A starting model: ZKP for Decision Trees
The structure of Decision Trees is similar to that of a Merkle Tree and as a result, Zero-Knowledge for Decision Trees can be viewed as an idea which combines Merkle Trees and SNARK proofs at a high level.
Steps to produce a proof that a Decision Tree performed as expected:
- We first train the decision tree using the public blockchain activity.
- The next step is to merkle-ize the decision tree. This allows one to cryptographically commit to the decision tree. When a user interacts with the system, they can check using the commitment that the model is committed to before assigning them their credit score, proving that no ad-hoc changes occur to the model causing biases in score classification.

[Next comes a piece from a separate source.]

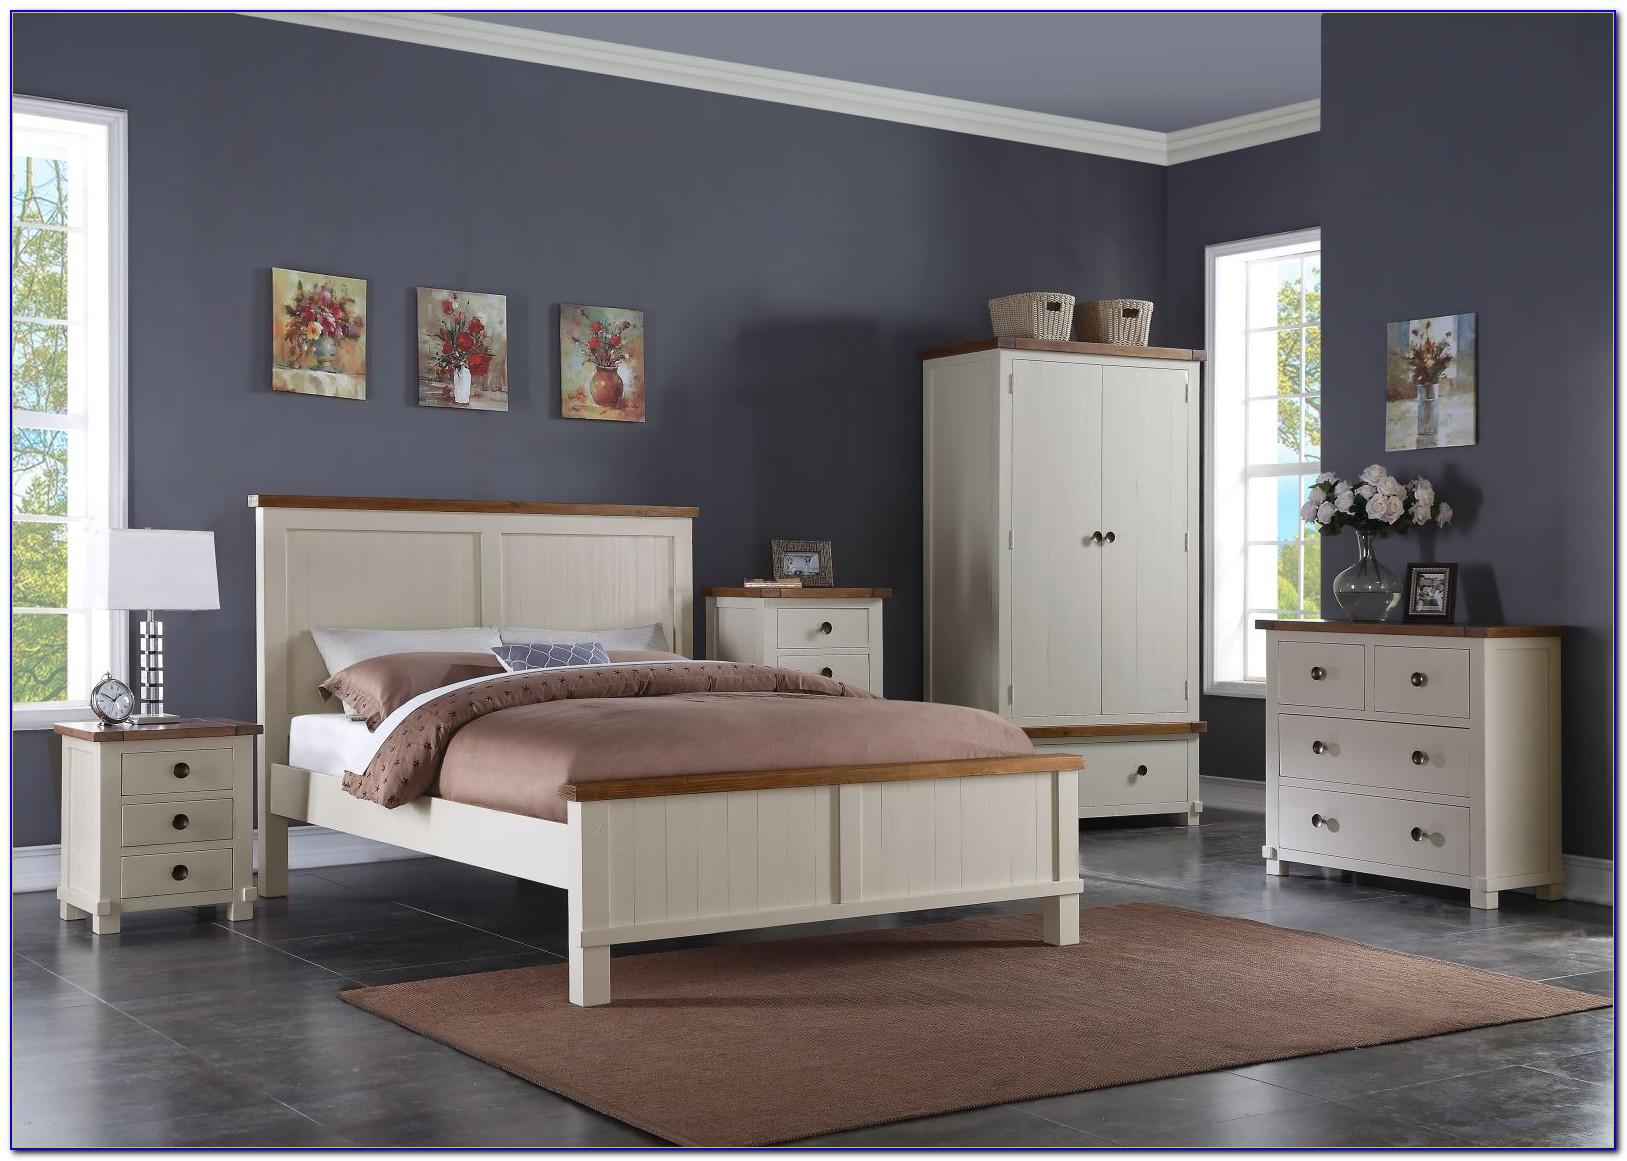 Reclaimed Barn Wood Bedroom Furniture

- The final step is to produce proofs that the credit score was calculated honestly (with the blockchain data and the committed decision tree)
The model flow
zk-SNARKs are used to hide the particular path in the decision tree to prevent users from collaborating to learn model parameters. The statement we prove is that we have a valid path in the tree corresponding to the commitment, without revealing the path itself.